_ABOUT THIS TASK:_ Would you please copy only the lines from the line that contains "13 carte illustrate" to the end of the data below, exactly, leaving every picture out?
** Opening DATASET EXCERPT block **
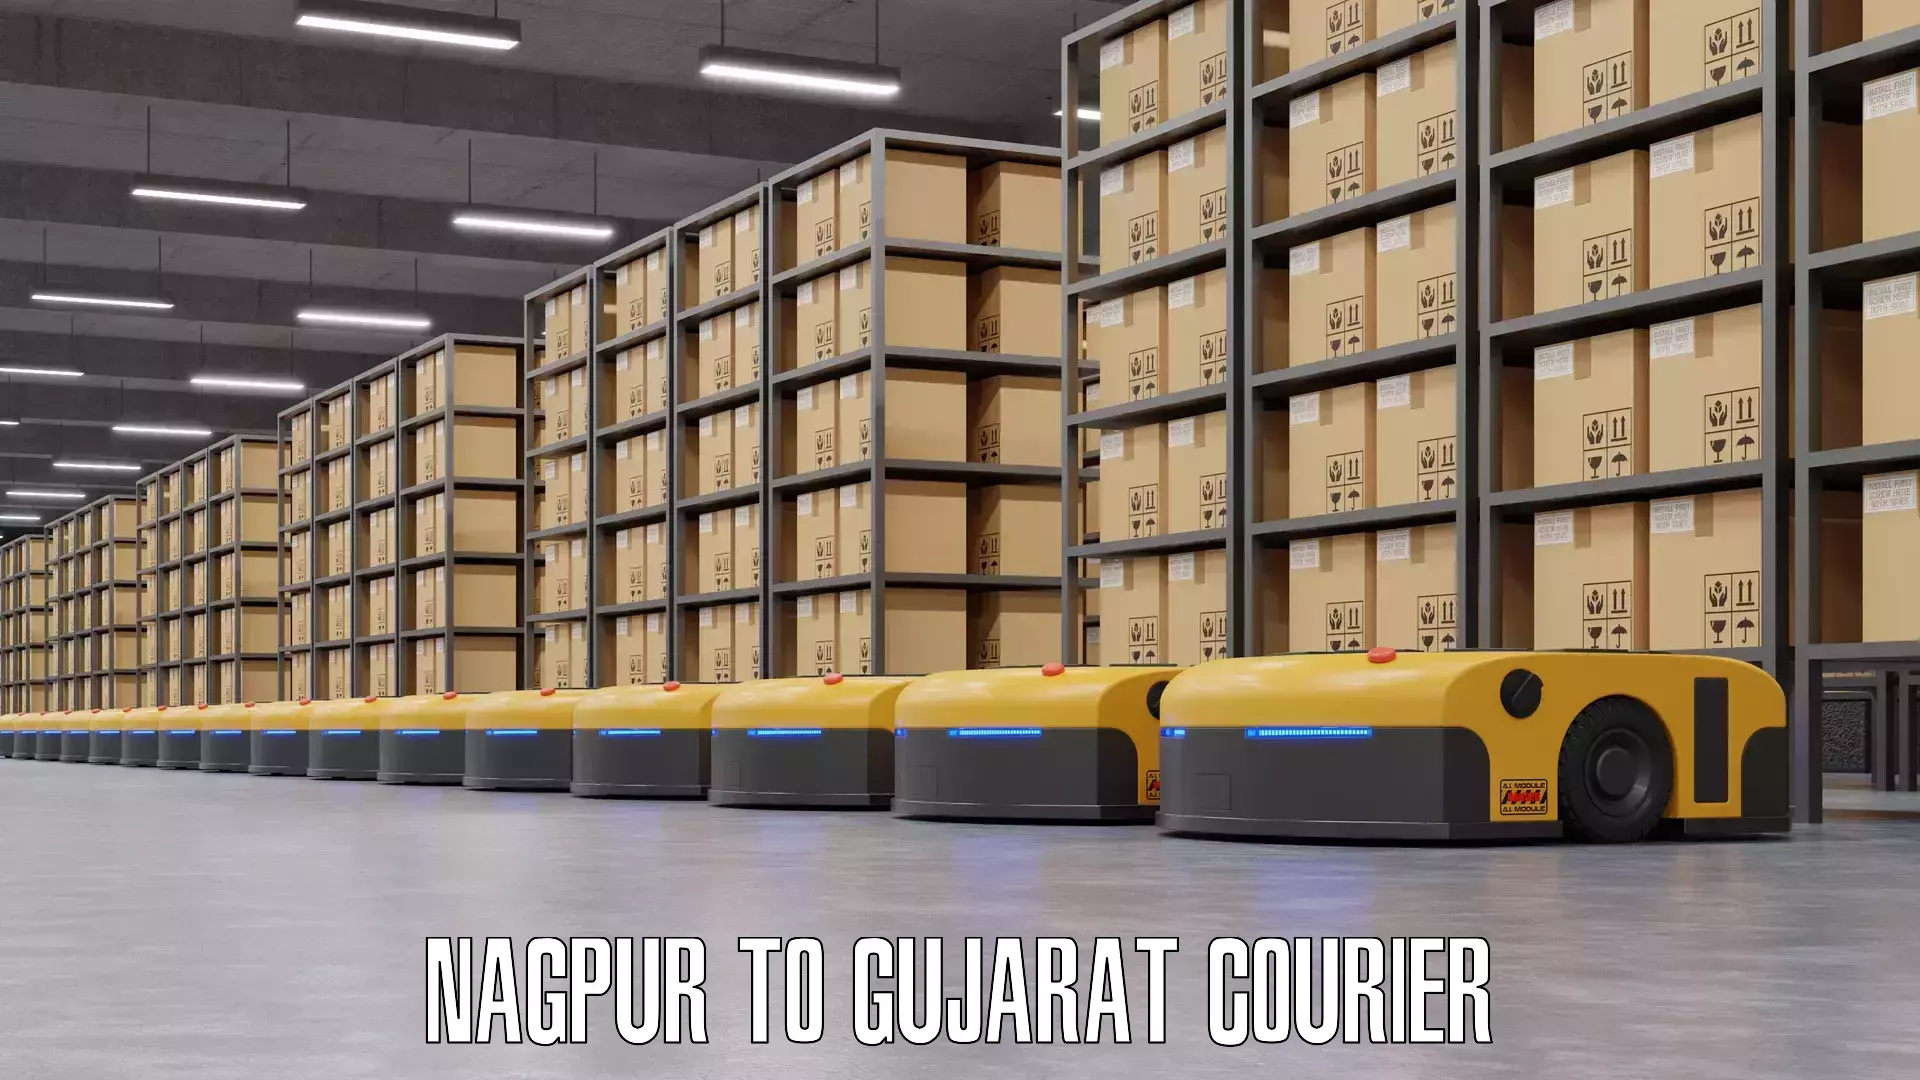 Door-to-door baggage service Nagpur to Gujarat
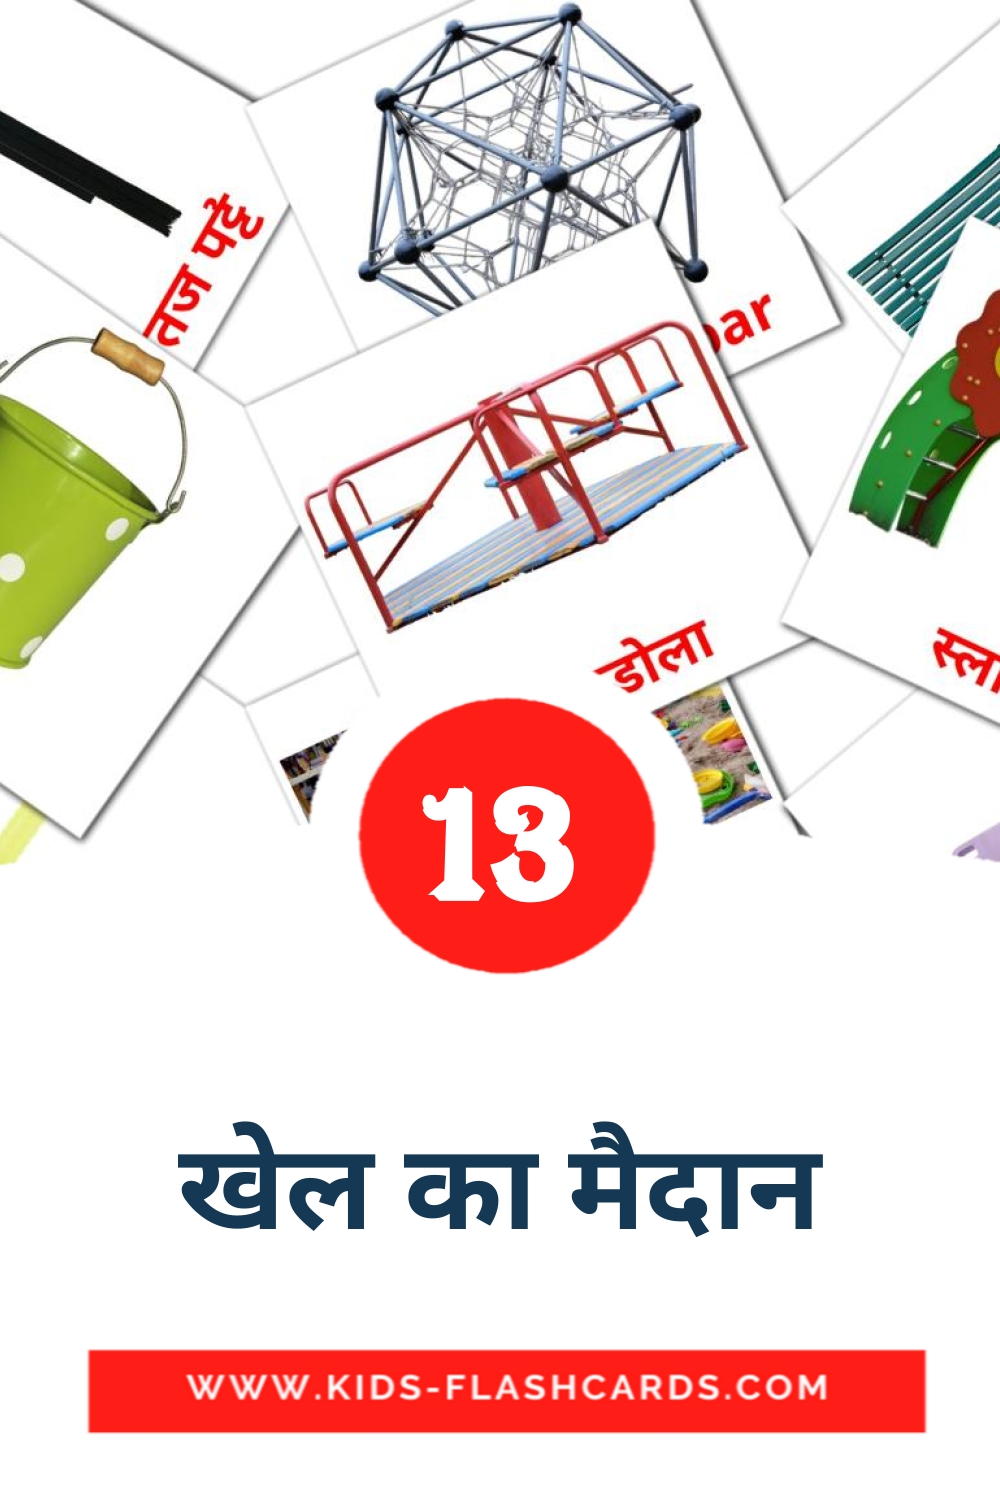 13 carte illustrate di खेल का मैदान per la scuola materna in hindi
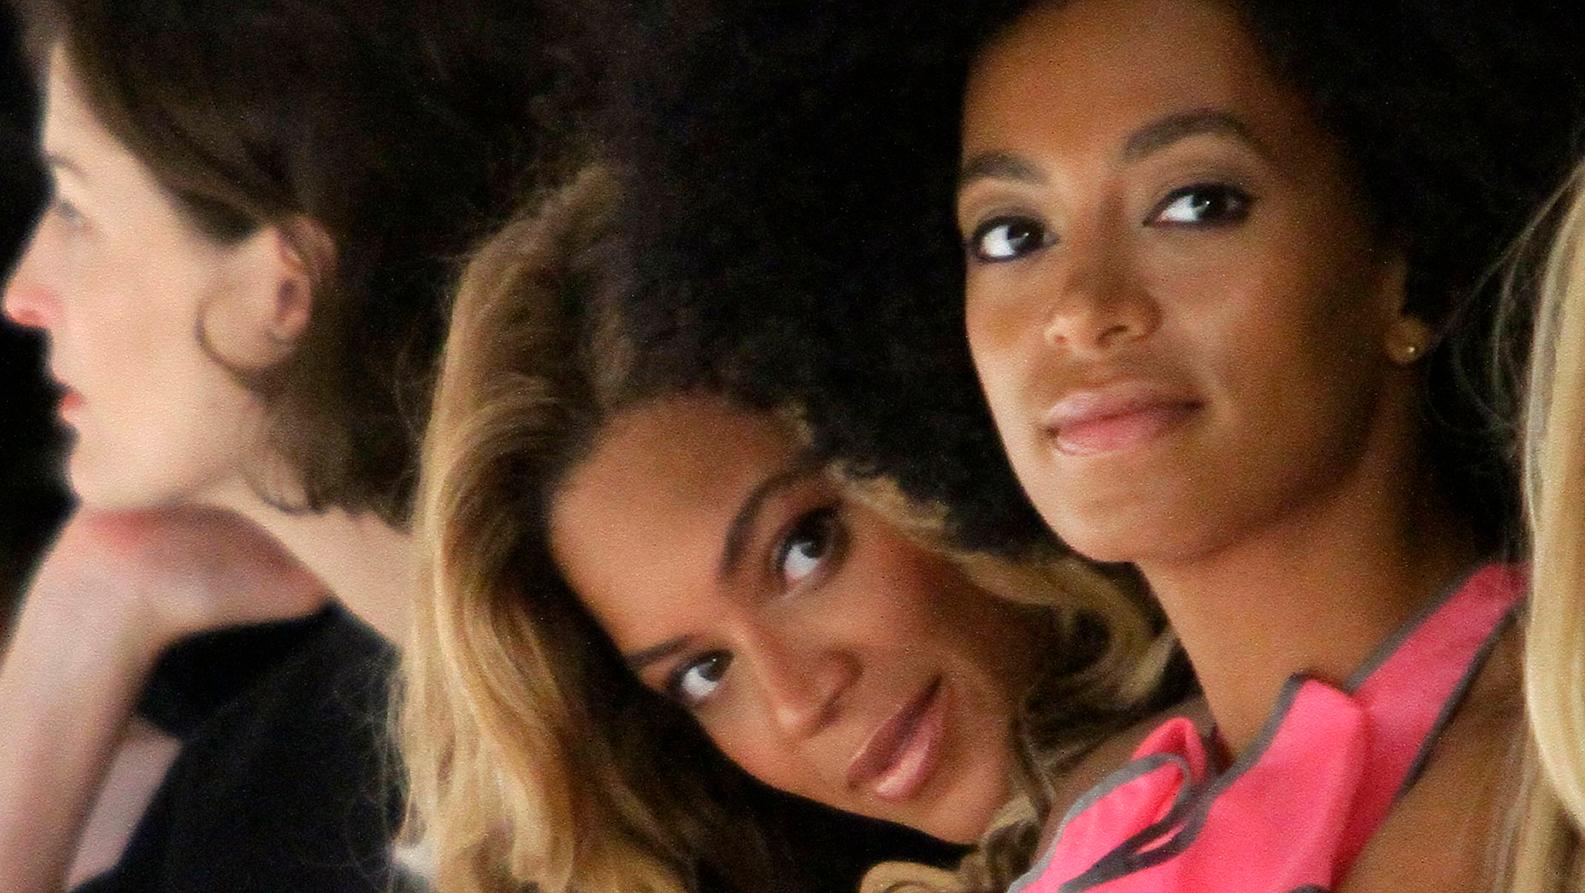 Systrarna Beyoncé och Solange Knowles.
** Closing DATASET EXCERPT block **
_ANSWER SECTION:_
 13 carte illustrate di खेल का मैदान per la scuola materna in hindi
 Systrarna Beyoncé och Solange Knowles.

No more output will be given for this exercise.